For the constant function $f(x)=1$, $S_n\equiv 1$ ($n=0,1,\cdots$) so that ${\sigma }_n(x)\equiv 1$, and hence

$$\begin{array}{}\text{(eq:Fnormal)}& {\int }_{-\pi }^{\pi }{F}_n(x-y)dy=1.\end{array}$$

Unlike $D_n$, $F_n$ is non-negative:

$$F_n(x-y)\ge 0(\mathrm{\forall }x,y).$$

The following figure shows the Fejér kernels for $n=0,1,5,20$.

Lemma (Uniform convergence of ${\sigma }_n[f]$)

If $f\in C_{2\pi }^0$, then ${\sigma }_n[f]$ converges uniformly to $f$. 

Proof. Using (eq:Fnormal), we have

$$f(x)={\int }_{-\pi }^{\pi }{F}_n(x-y)f(x)dy.$$

Therefore,

$$\begin{array}{}\text{(eq:fms)}& f(x)-{\sigma }_n(x)={\int }_{-\pi }^{\pi }{F}_n(x-y)\{f(x)-f(y)\}dy\end{array}$$

where the range of integration could be any one period.

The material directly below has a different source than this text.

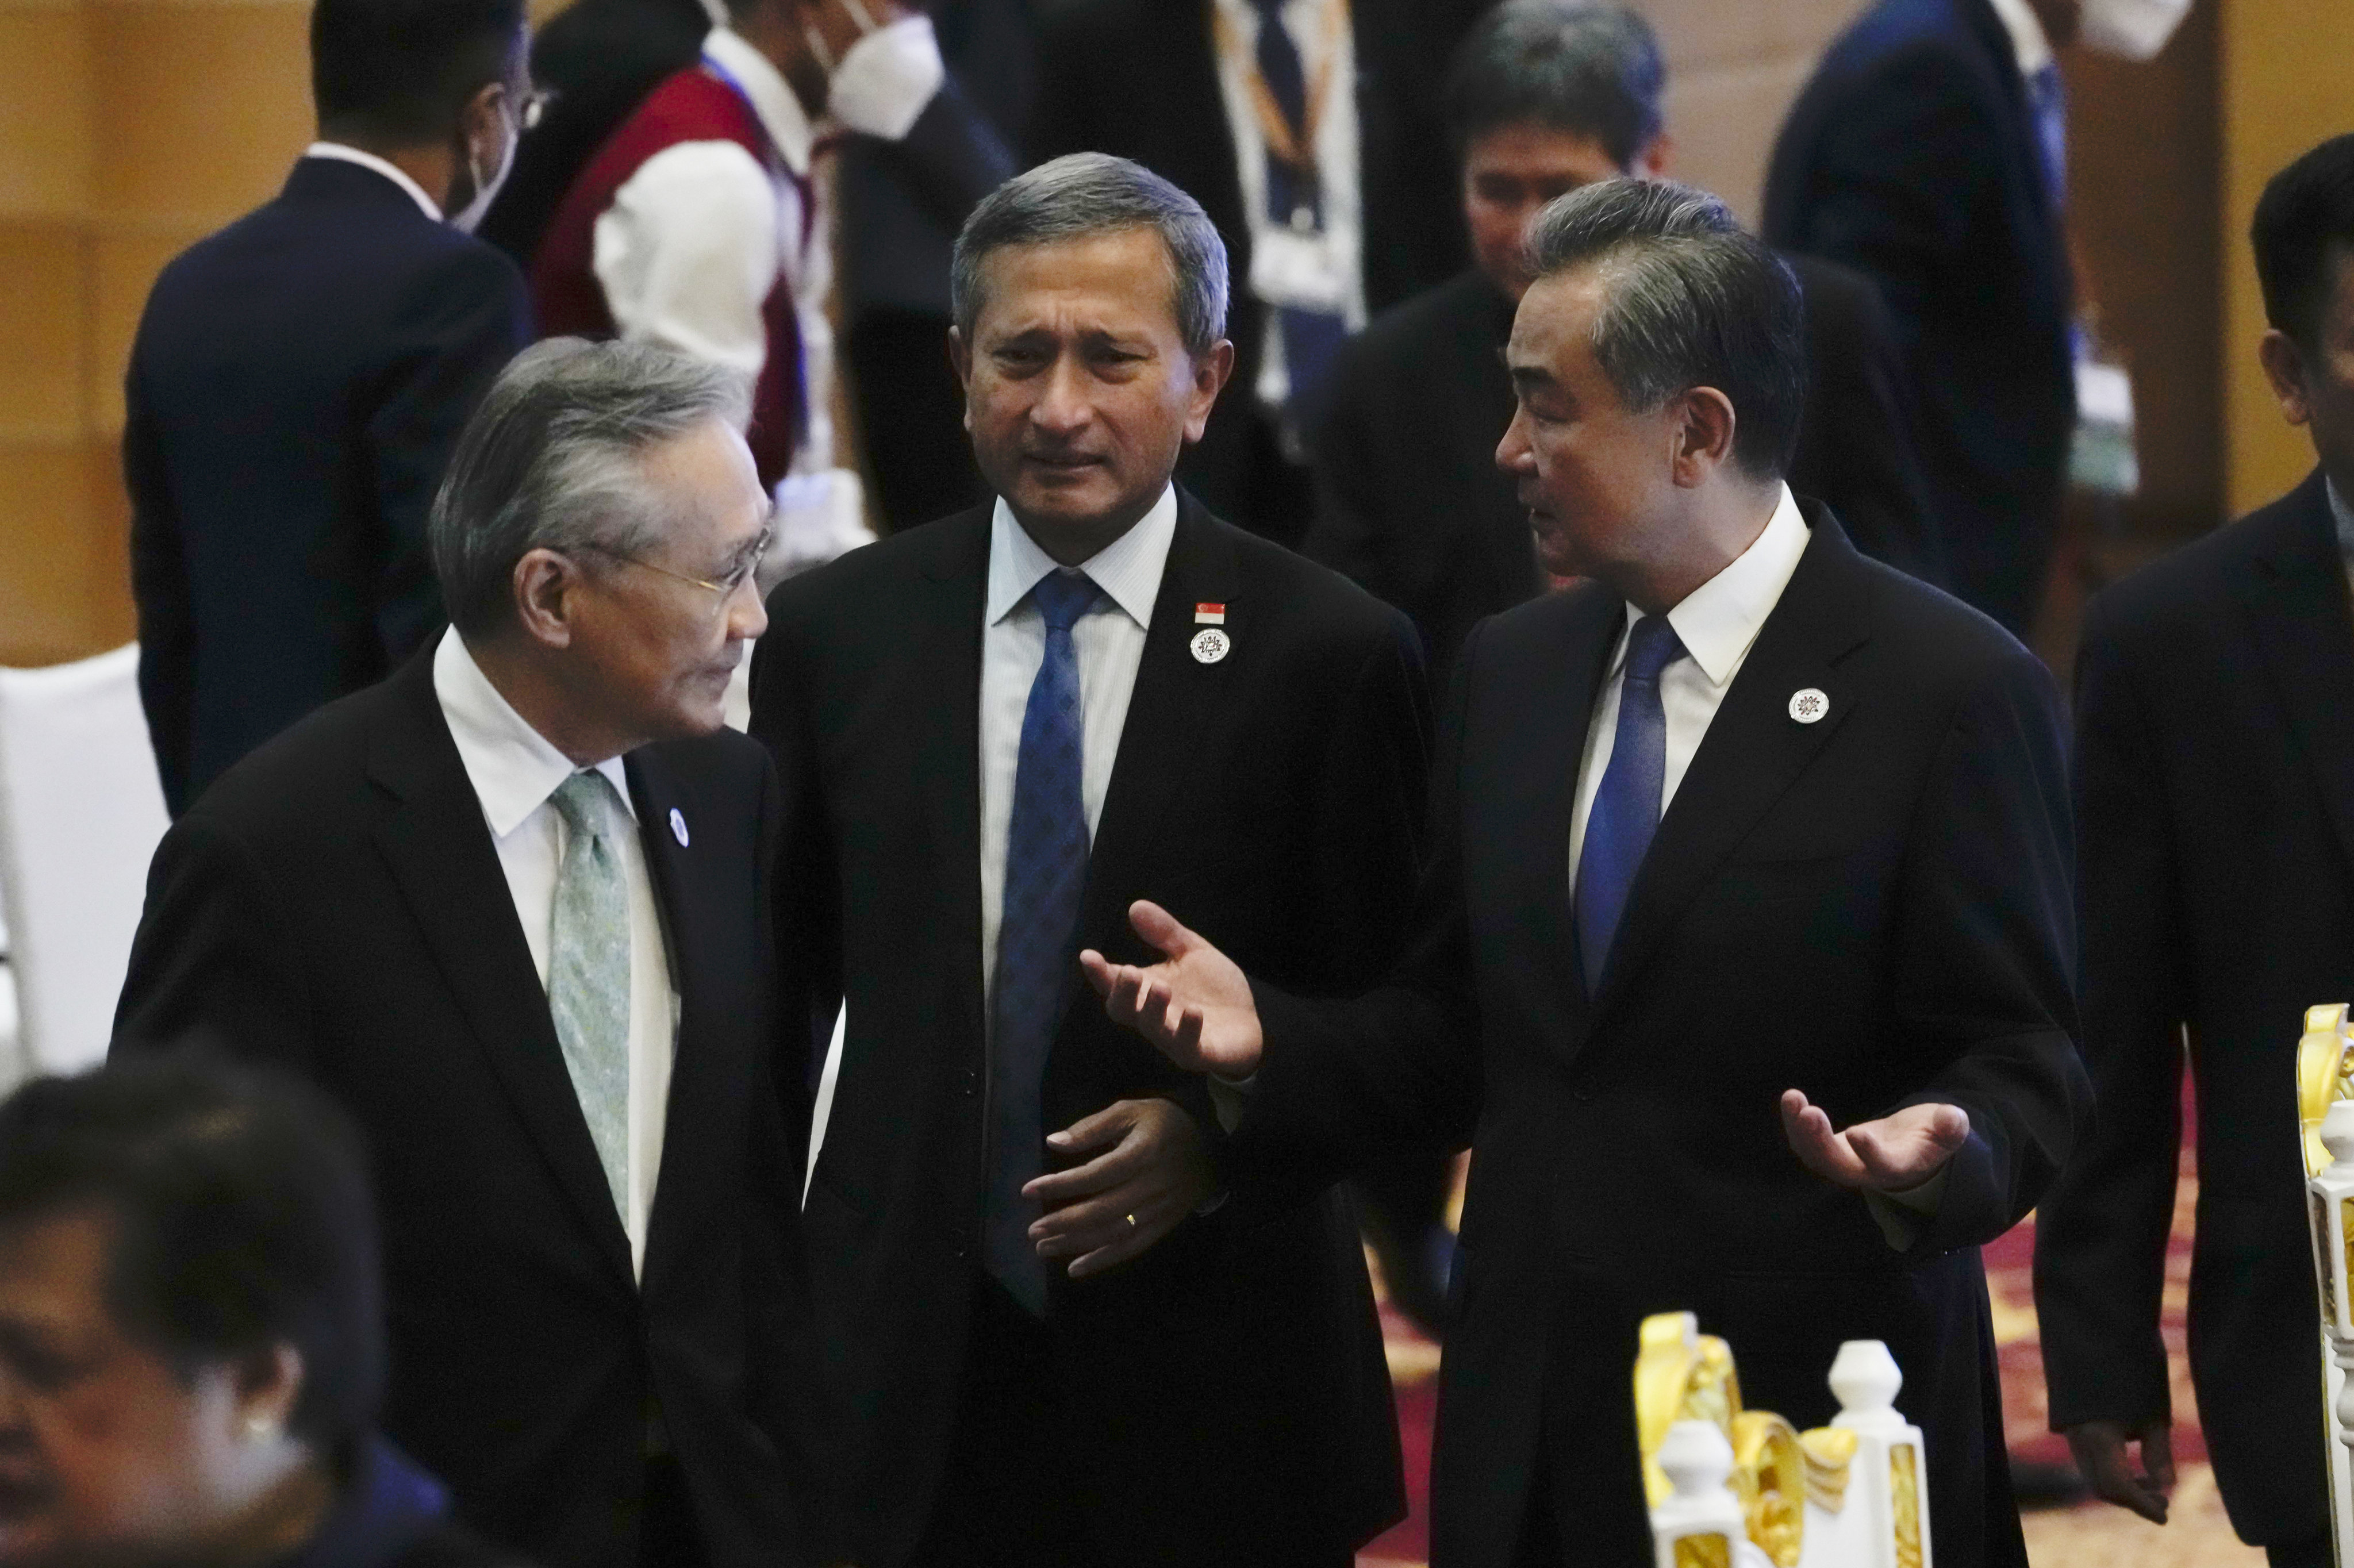 Chinese Foreign Minister Wang Yi (right) chats with Singapore’s Foreign Minister Vivian Balakrishnan (centre) and Thailand’s Foreign Minister Don Pramudwinai at the Asean-China Ministerial Meeting in Phnom Penh, Cambodia in August 2022. Photo: AP

For any $\epsilon >0$, there exists a $\delta >0$ such that 

$$|x-y|<\delta ⟹|f(x)-f(y)|<\epsilon$$

as $f$ is uniformly continuous. Fixing this $\delta$, we split the right-hand side of (eq:fms) into two parts:

$$f(x)-{\sigma }_n(x)=I_1+I_2$$

where

$$\begin{array}{rcl}{I}_1& =& {\int }_{|y-x|<\delta }{F}_n(x-y)\{f(x)-f(y)\}dy,\\ I_2& =& {\int }_{\delta \le |y-x|\le \pi }{F}_n(x-y)\{f(x)-f(y)\}dy.\end{array}$$

Since $F_n$ is non-negative and normalized (eq:Fnormal),

$$|I_1|\le \epsilon {\int }_{|y-x|<\delta }{F}_n(x-y)dy\le \epsilon {\int }_{|y-x|<\pi }{F}_n(x-y)dy=\epsilon .$$

Next, if $|x-y|\ge \delta$, noting that

$$F_n(x-y)\le \frac{1}{2(n+1)\pi }\cdot \frac{1}{{\sin }^2\frac{\delta }{2}}$$

and letting $M=\underset{|y|\le \pi }{max}|f(y)|$,

$$\begin{array}{rcl}|I_2|& \le & {\int }_{\delta \le |y-x|\le \pi }\frac{1}{2(n+1)\pi }\cdot \frac{1}{{\sin }^2\frac{\delta }{2}}\cdot 2Mdy\\ & \le & \frac{2M}{(n+1){\sin }^2\frac{\delta }{2}}.\end{array}$$

Thus, for a sufficiently large $N_1$, we have

$$n\ge N_1⟹|I_2|<\epsilon .$$

Putting these together, we have

$$|f(x)-{\sigma }_n(x)|<2\epsilon (n\ge N_1).$$

Here, $N_1$ does not depend on $x$, which proves that ${\sigma }_n$ uniformly converges to $f$ with respect to $x$. ■